今年7月に世界文化遺産に指定されることが決定的となった、百舌鳥・古市古墳群。大阪初の登録資産になるとあって地元では大きな盛り上がりを見せていますが、「浮かれているだけでいいのだろうか」とするのは、元全国紙社会部記者の新 恭さん。新さんは自身のメルマガ『国家権力&メディア一刀両断』にその理由を記しています。
世界遺産となる天皇陵の古墳が公開されない理由
ユネスコの諮問機関「イコモス」は、歴史的建造物や遺跡などの保存に関わる専門家たちの国際的なNGOだ。
現地調査を経てイコモスが「勧告」すると、ユネスコの世界遺産委員会で登録が決定される可能性は格段に高まる。
大阪府の「百舌鳥・古市古墳群」は、2007年の応募から12年を経て、ようやくそのお墨付きをもらった。この7月には世界文化遺産に指定される見通しだ。
堺市の「百舌鳥エリア」に仁徳天皇陵など23基、羽曳野市と藤井寺市にまたがる「古市エリア」に応神天皇陵など26基、合わせて49基。これら古墳群の歴史的価値については今さら言うまでもない。教科書でもおなじみだ。
大阪府と三市の提案書には、「日本における国家形成過程を示すモニュメント…古墳文化という、独特な墳墓の築造に膨大なエネルギーを集中した他に類をみない特異な文化がかつて日本に存在したことを物語る遺産として、人類共通の普遍的な価値をもつ」とある。視察に訪れたイコモスのメンバーはこれを適切と認め、ユネスコに世界遺産登録を勧告した。
大阪に「世界遺産ブランド」をと長年にわたり運動してきた自治体、観光業の関係者、政治家たちは歓喜に沸いているにちがいない。しかし、浮かれているだけでいいのだろうか。
世界遺産ともなると、大勢の観光客が押し寄せる。巨大古墳はどんなものなのか。古代を想い胸をときめかせてやってくる人々が、がっかりして帰ることになりかねないのが現状である。

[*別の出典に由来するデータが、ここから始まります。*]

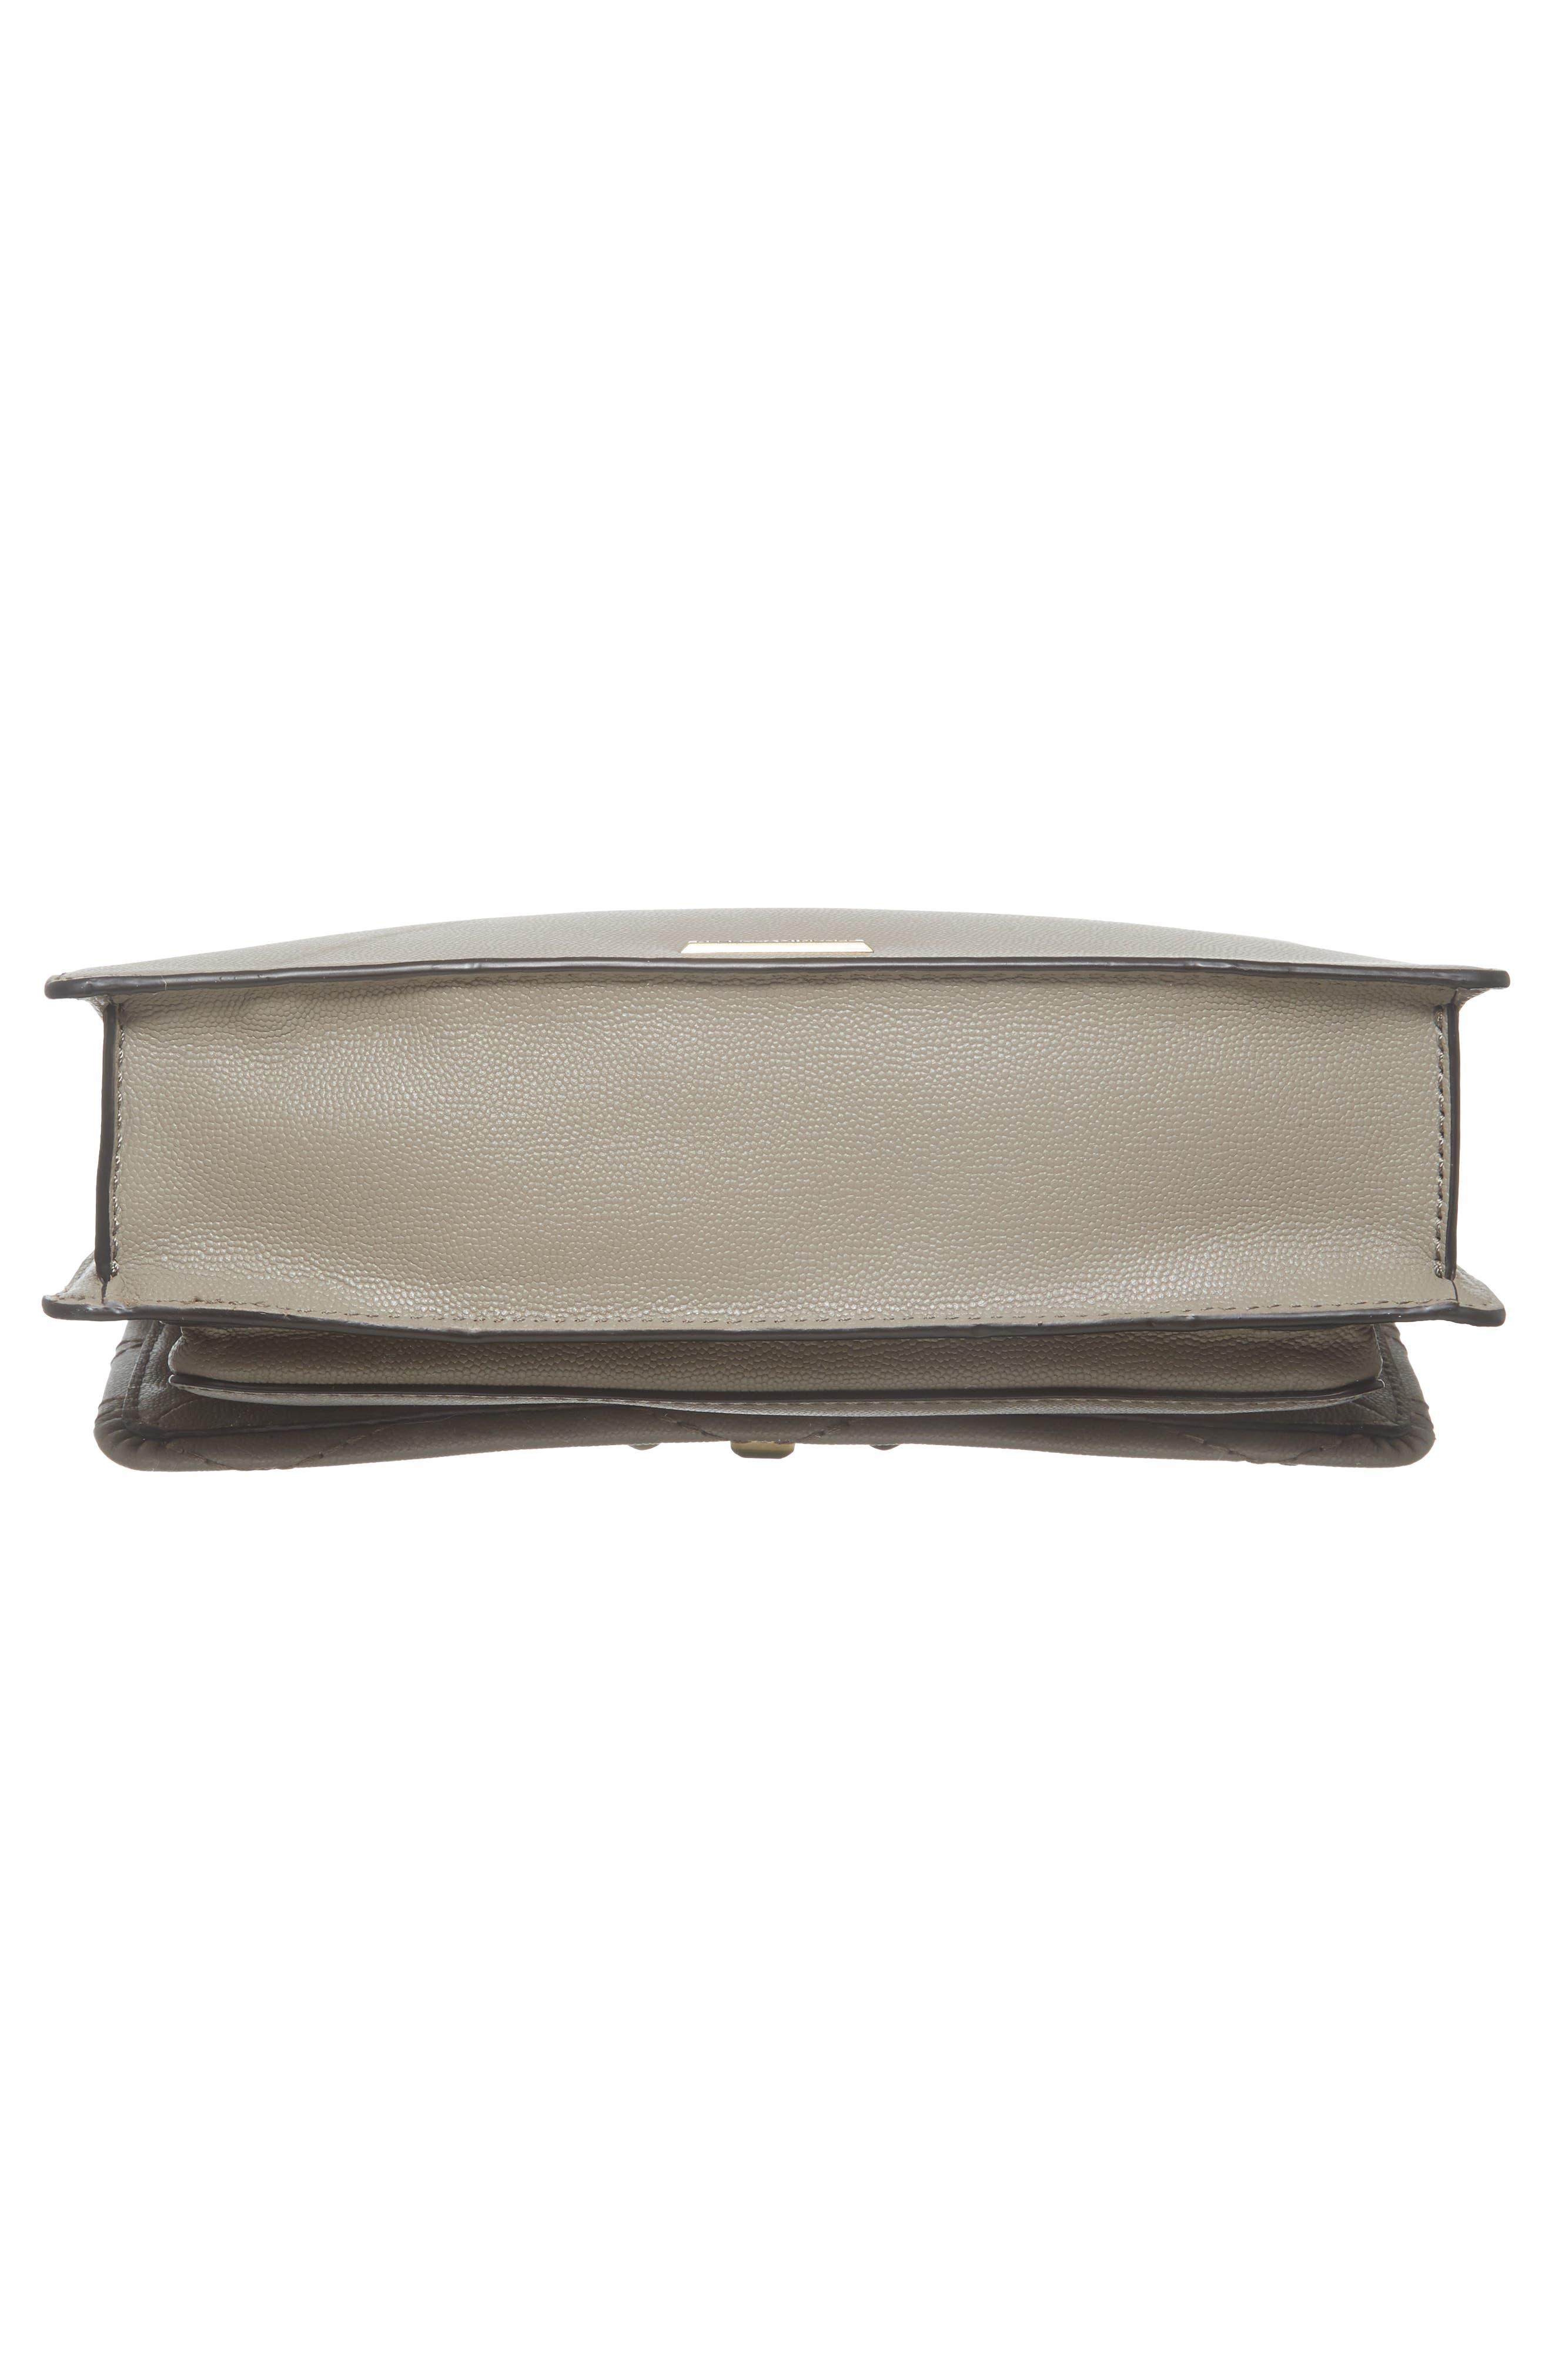 Medium Je T'aime Convertible Leather Crossbody Bag,                             Alternate thumbnail 54, color,

仁徳天皇陵、履中天皇陵など天皇の墓とされる古墳については、文化財保護法の適用外とされ、宮内庁によって、古墳への立ち入りや、公開、学術調査が厳しく制限されているからだ。
仁徳天皇陵とされてきた日本最大の前方後円墳に代表される数々の古墳は、江戸時代まで、庶民に身近な存在だった。
たとえば、農業には墳丘の林が燃料や肥料の供給源であり、古墳を取り巻く池は農業用水に利用された。大きな古墳の森林は人々のピクニックの場で、桜の季節には酒盛りも行われていたという。